The Washington establishment is unprepared for the technological and geopolitical risks of the future, America is losing influence around the world—and while the United States is still indispensable as a superpower, there’s debate on whether it ought to remain so.
These are among the takeaways from the Atlantic Council’s Global Strategy Forum held April 29-30 in Washington, as seen by Council President and CEO Frederick Kempe.
He said modern society is more vulnerable to crisis than ever, with risks—from terrorism and social inequality to climate change and data breaches—growing faster than the GDP.
Those risks were evident in the forum’s first panel, “Enhancing Foresight,” with University of Pennsylvania robotics expert Vijay Kumar and Jamie Metzl, Nonresident Senior Fellow at the Atlantic Council’s Brent Scowcroft Center on International Security.
“We’re unprepared in almost every way for the speed and scale of change. We’re entering into an era where we’re altering our own evolution as species,” said Kempe. “We’re reducing the barrier to entry for advanced technological development, which will have profoundly good and bad implications.”
The second panel, “Preventing Failures,” featured Heather Zichal, Senior Fellow at the Atlantic Council’s Global Energy Center, and August Cole, Nonresident Senior Fellow at its Brent Scowcroft Center on International Security.
“In that session, we heard that the power of narrative is fundamental to all major strategic and policy decisions. ISIS [Islamic State of Iraq and al-Sham] has a narrative. Russia has a narrative. China has one,” Kempe said. “It seems we lack one at the moment, and we’re being out-narrated.”

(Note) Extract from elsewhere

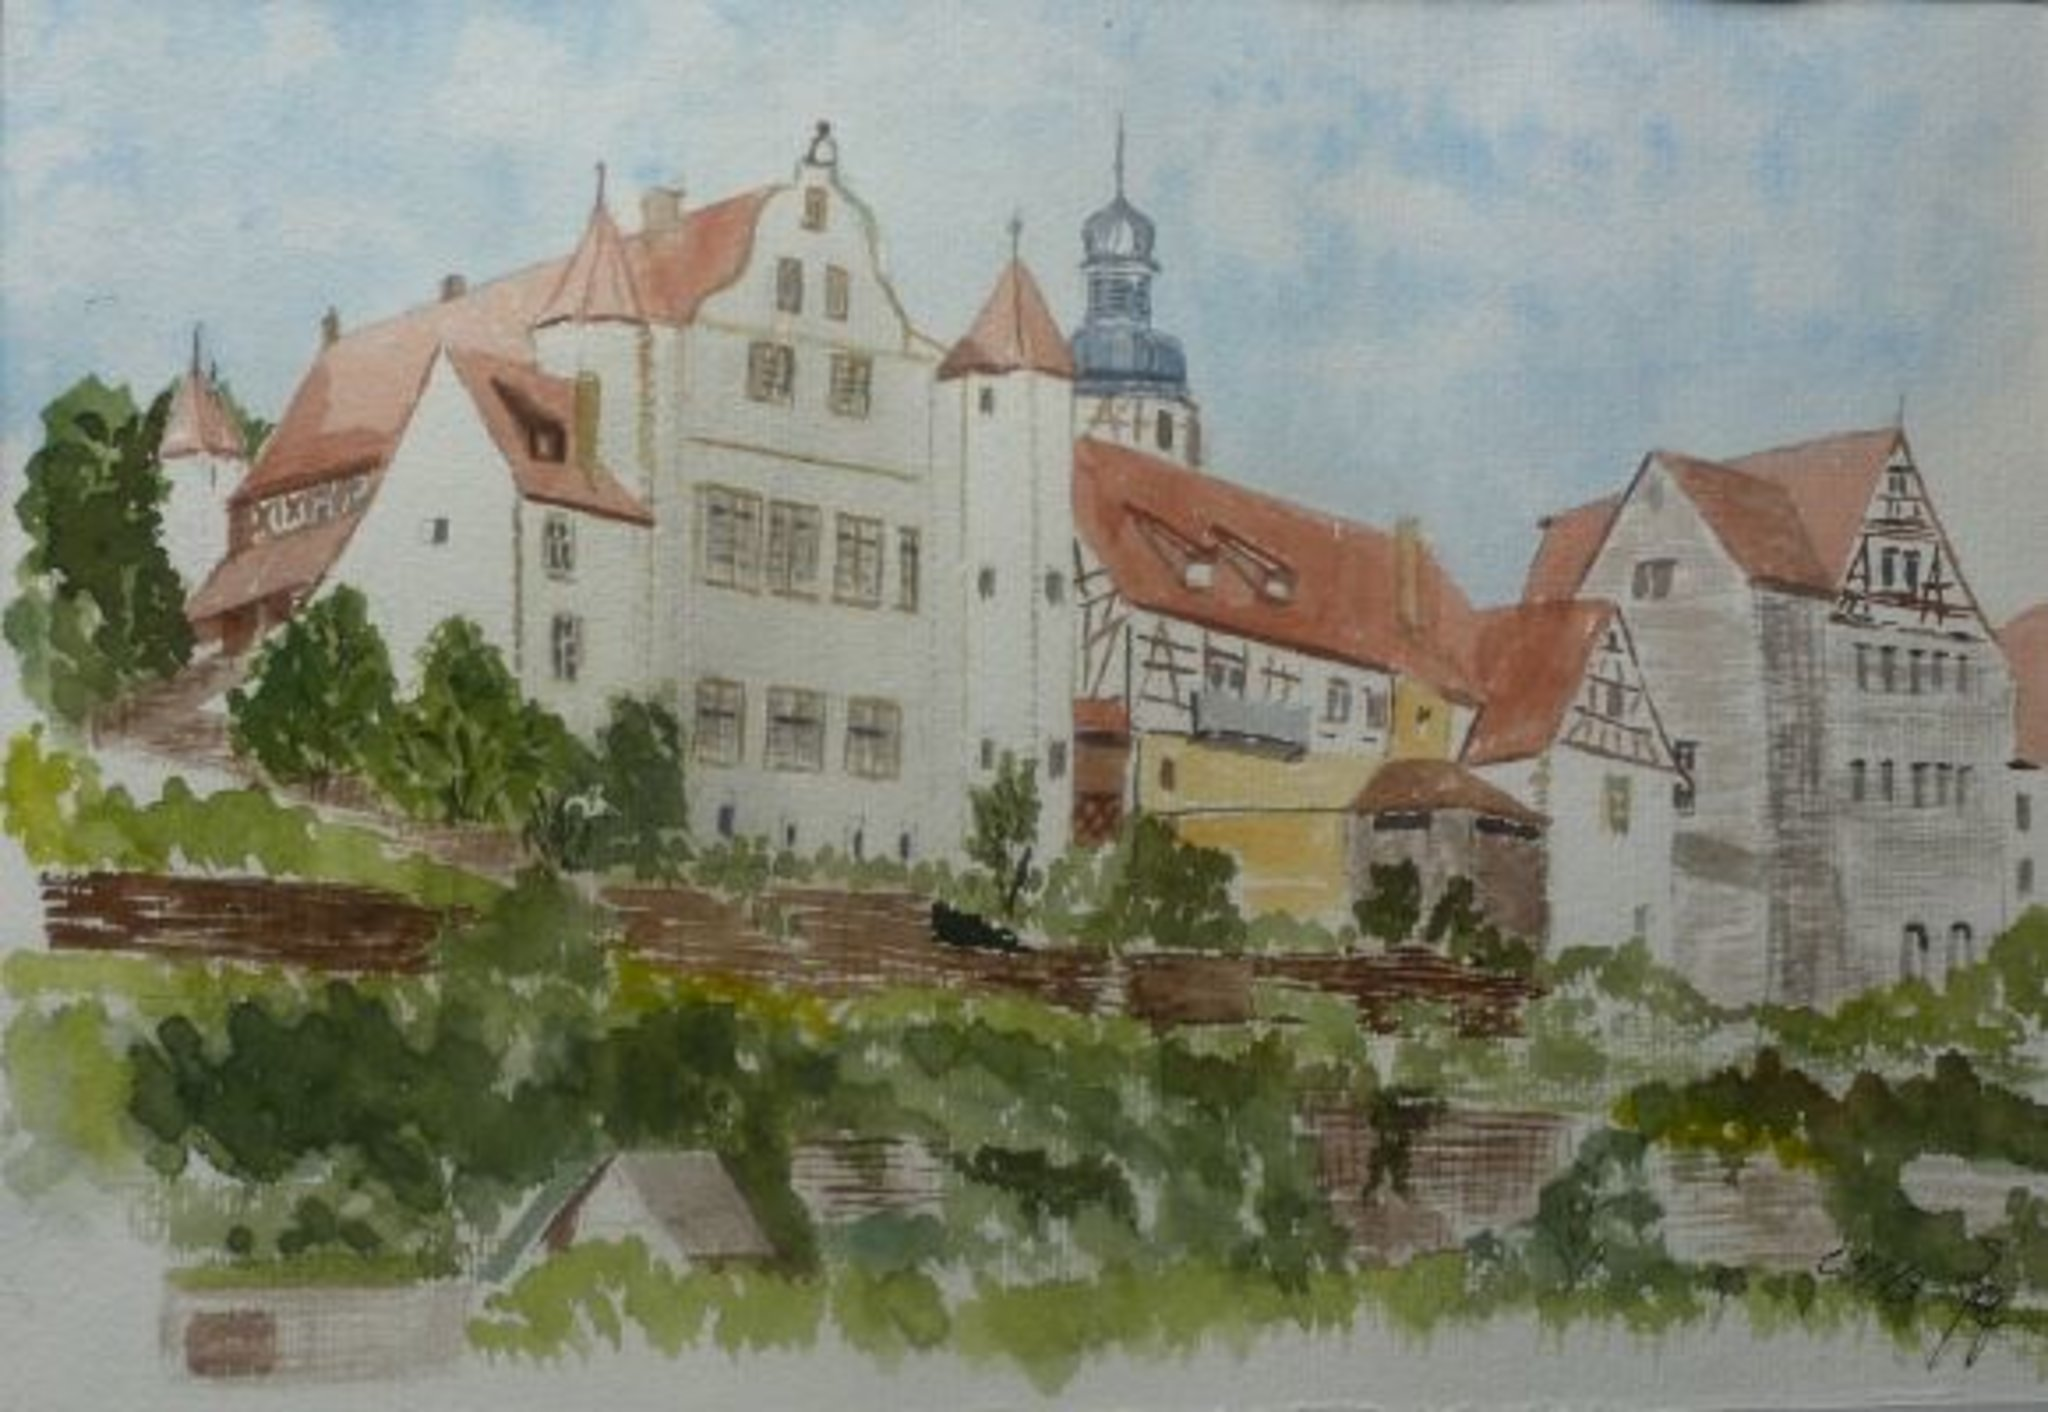 Rathaus Mingolsheim

Next came a debate titled “America’s Role in the World,” between Xenia Wickett, Dean of Chatham House’s Queen Elizabeth II Academy for Leadership in International Affairs, and Christopher A. Preble, Vice President for Defense and Foreign Policy Studies at the CATO Institute.
“There was agreement that the US is the indispensable nation, but divergence about whether the US ought to remain the indispensable power,” said Kempe.
Mathew J. Burrows, Director of the Strategic Foresight Initiative at the Atlantic Council, said the United States does in fact have a narrative, and that narrative is exceptionalism.
“If you talk to others, exceptionalism means the US expects special privileges. We put down the rules, but don’t necessarily have to play by them,” he said. “What blinds us to it is that as Americans, we do think our country is exceptional, but it means that we don’t really have to think about it. Our system is going to prevail somehow. God is going to deliver it. We don’t have to work on this.”
But in a polycentric world, Americans will soon find themselves in the minority, he warned.
“Maybe some of our ideas will prevail, but in other cases maybe not. We may have to deal with other countries and civilizations that have very different ideas, and they will have the power to make it prevail,” said Burrows, pointing out that “most of the world’s Internet users are not going to be Americans, not going to be using English, and not necessarily sharing our values.”
Ashlee Godwin, Deputy Editor of the RUSI Journal, published by the London-based Royal United Services Institute, spoke about generational power versus leadership.
“From the UK perspective, we do feel the baby-boom generation has really screwed us over,” she said. “I can’t pretend to represent all the view of the millennium generation, but from the discussions we’ve been having, there is a sense that we need a greater diversity of voices. We are the last generation to remember life before mobile Internet.”
“I watch two-year-olds with a tablet, and they’re doing things I can’t even do. So I hope we’re up to the challenge,” she added.
Agreeing that the United States lacks a narrative for the future, Kirk Radke, a partner at the Washington law firm of Willkie Farr & Gallagher LLP, said political leaders can learn much from the “don’t just sit there, get it done” attitude of business executives.
“We have to bring business leaders into this discussion, whether it’s from Silicon Valley or Wall Street or China. I don’t care,” said Radke. “You can learn something from the way they think, and the way they take action. They live and die on their actions, on motivating people in their organizations to do a better job every day. They love competition and chaos, and they don’t shy away from risk. They love it.”
Burrows said he’s particularly worried about conflict in Europe and the Middle East.
“We’re far too complacent. A lot of us believe we live in the most peaceful age ever,” he said. “But these civil war conflicts go on for six to nine years. Even when you have ceasefires, they’re very tenuous. One of this administration’s biggest mistakes is letting Syria fall apart.”
He added that another mistake is “thinking we’re going to pivot to Asia, and forgetting that Europe also matters very much.”
Peter Schwartz, Senior Vice President for Government Relations and Strategic Planning at Salesforce.com, agreed with Burrows.
“I’m very worried about Europe,” he said. “The European Union was created to prevent war, not to assure the shape of sausages and the content of chocolate. It was to bind everyone together in such a way as to avoid the conflicts that destroyed Europe. The problem with the euro is that it puts Germany in charge of the rest of the continent. Unfortunately, that’s what World War II was about.”
Larry Luxner is an editor at the Atlantic Council.